About Me

Getting ready to knock some “bogies” out of the sky, in an AT-6 “Texan” from World War II.

I wrote my first story when I was eight.

It was about “the Clantons,” an early-1900’s Wisconsin family that had the first car on the block. It was eight hand-written pages. From that moment on, I was hooked on the written word…on its power, on its beauty, and on the magical ways in which it can be used to tell a story. I haven’t stopped writing since. (And I still have that story about the Clantons.)

By the age of twelve, I had already written a number of other stories, one of which was fifty pages long.

At the age of fifteen, I had a fairly-substantial article in New York’s Newsday. And that’s when I realized that, maybe, I could actually make a living doing what I love. I should have studied it in college, really. But my generation was too concerned with saving the world, so I studied pre-Law instead. The night of my college graduation, after I handed in my cap and gown, my Dad drove me to Kennedy Airport in New York City . By the next morning I was hitch-hiking through Ireland and living out of a backpack…with the acute realization that I should have studied English and literature in college.

I spent much of the next several years living out of that backpack, hitch-hiking through Europe and the Middle East, and writing about my experiences.

By the time I was in my mid-twenties, I was getting published fairly regularly, in everything from business and trade publications to Newsday (full-page articles by now, about world-events such as the conflict in Northern Ireland and the separatist movement in Quebec) and literary magazines.

And, by my early thirties, I was getting paid pretty decent rates to write articles for major magazines and newspapers. Then, to write or contribute to books. And I was accomplishing all of this while still holding a full-time job.

In pursuit of “The Story,” I’ve been shot at in Northern Ireland. Been a cowboy in Arizona. Jumped into an alligator pit in the Everglades. Flown World War II fighter planes in aerial “combat.” Climbed up to 15,000 feet in the Rockies. Explored ice caves in Switzerland. Trekked glaciers in Alaska. Driven an ATV up an 11,000-foot peak in Colorado, and – much scarier – back down again, with the wheels hanging over the edge of a several-thousand foot drop! Hiked on the Appalachian Trail (and had a climbing accident in which I nearly fell to my death). Lived on a barge in France. Slept under bridges in England. Climbed the Rio Grande Gorge in New Mexico. Run Class V rapids (suicide wish!) in French Canada. And been thrown out of a reception given by the Queen of England for the British Olympic team.

In May of 2006, I left the corporate world to pursue my lifelong dream of writing full-time. These days, instead of a suit and tie, I generally wear a “University of Miami Hurricanes” t-shirt to work. And, unless I’m out of town, my commute is down the hallway instead of down the highway.
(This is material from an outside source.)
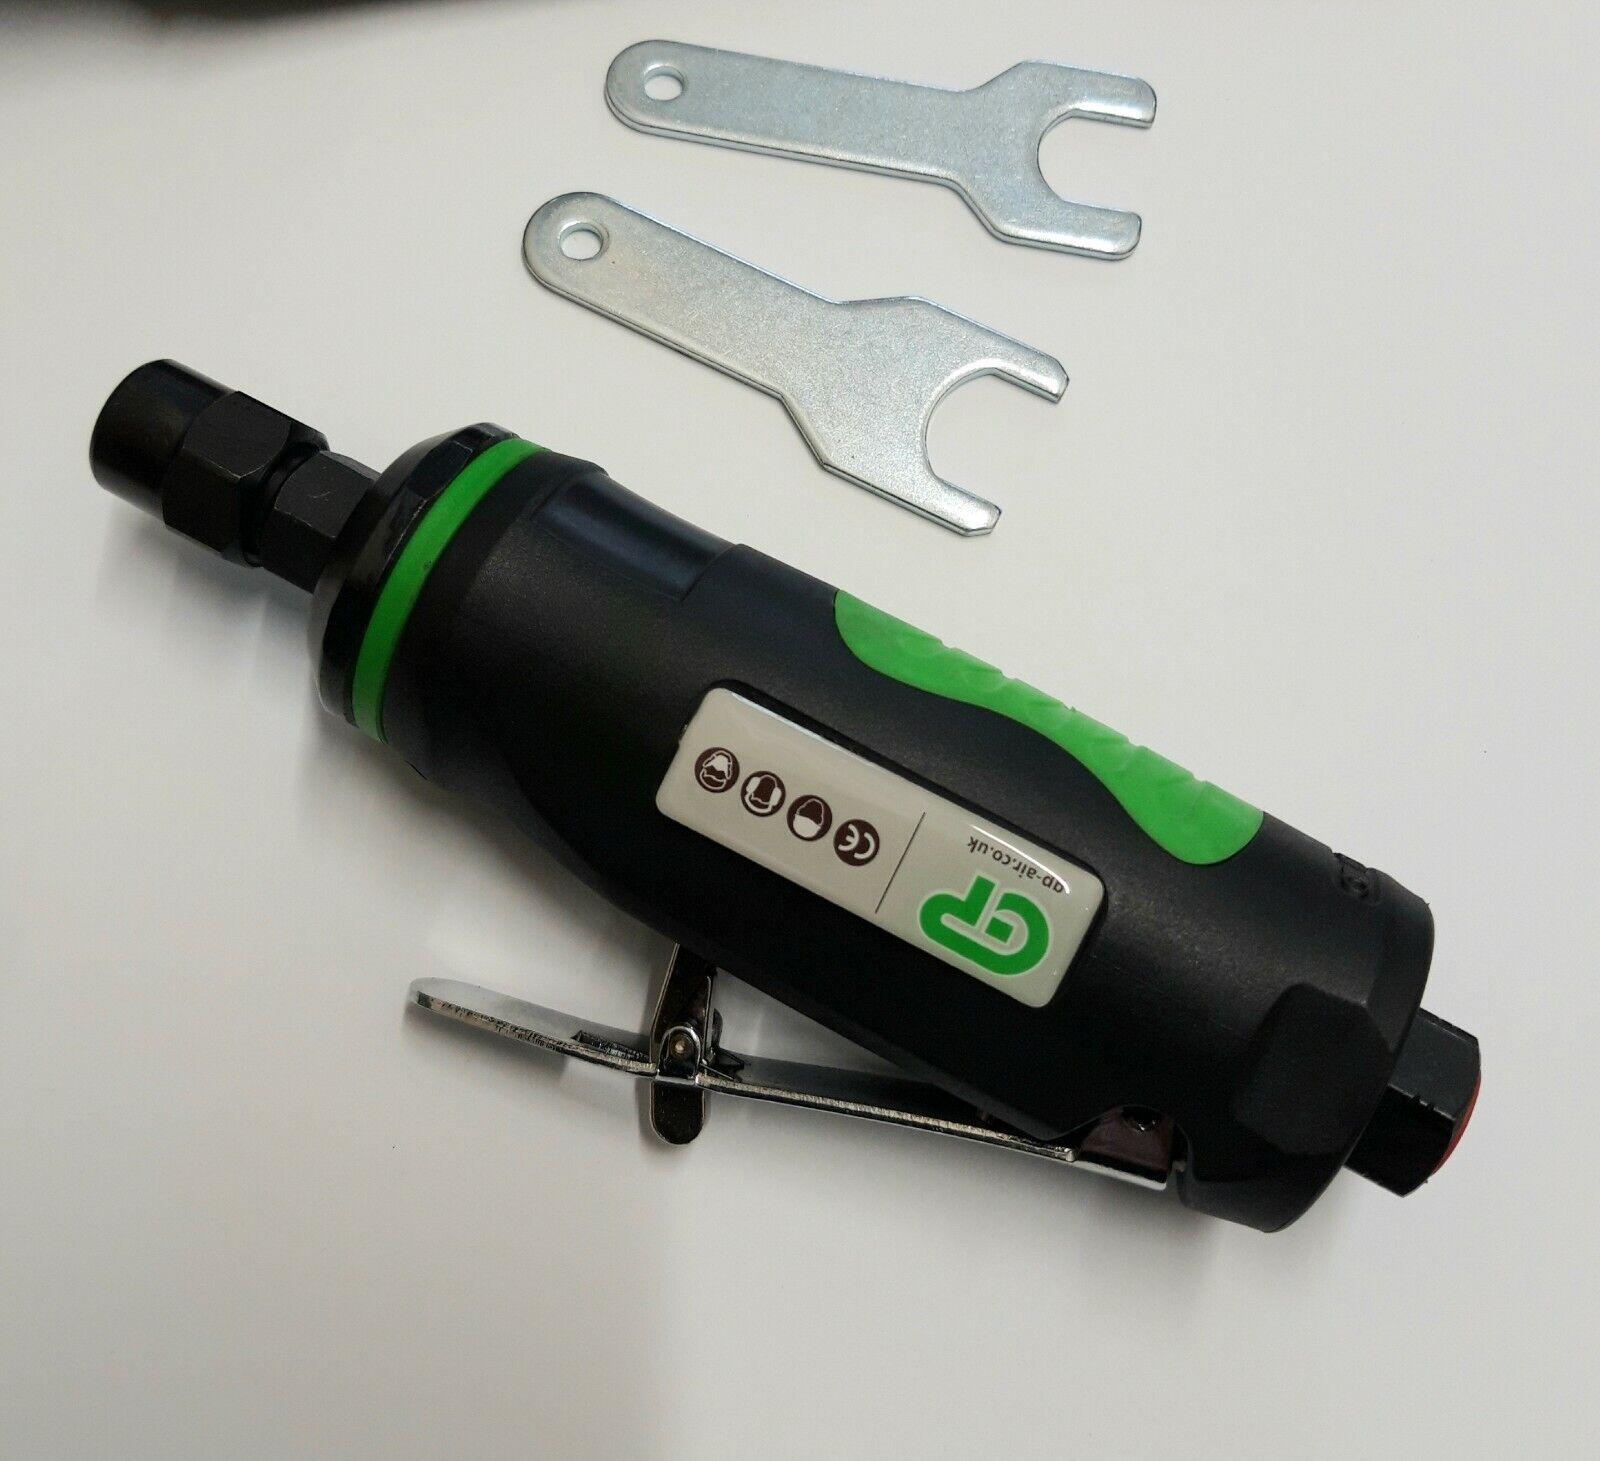 6mm Diameter Air Die Grinder Composite material 20,000 RPM, 1/4 BSP Inlet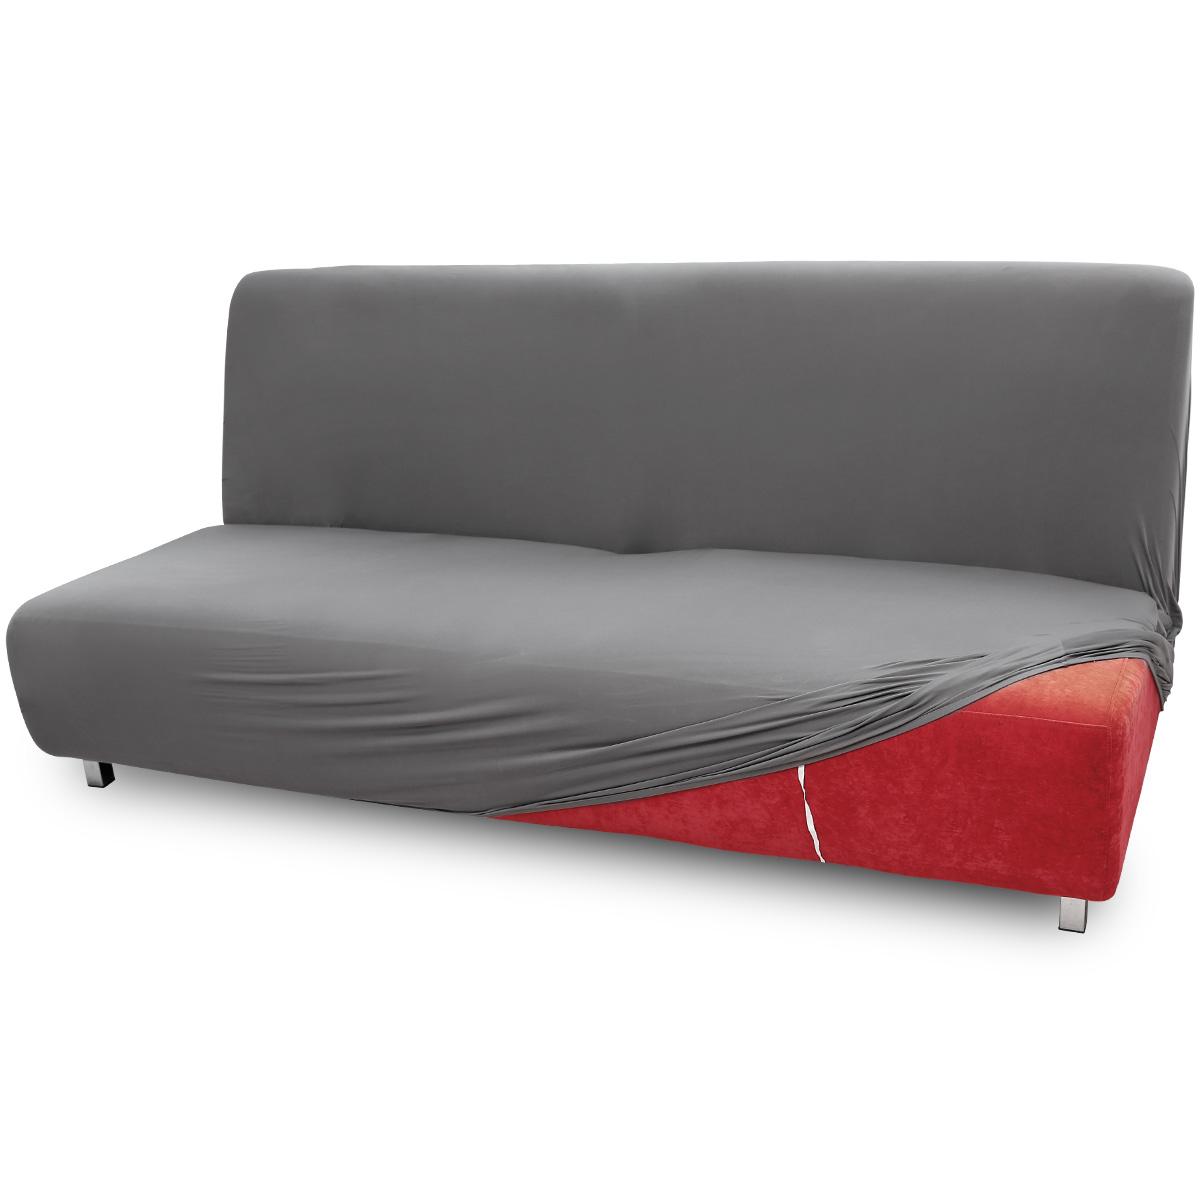 Fundas para sof s cama clic clac funda ajustable 1 2 3 for Sofa cama color gris

But, each time I sit down in front of my computer, I still feel the same challenge, and the same rush of excitement. It’s the challenge of getting what it is in my heart – using my hands as my instruments – onto the screen.

And, when it works, when the “flow” is rushing from my heart through my hands, I still get that same “sweet chill” I first felt all those years ago, when I wrote about “the Clantons.”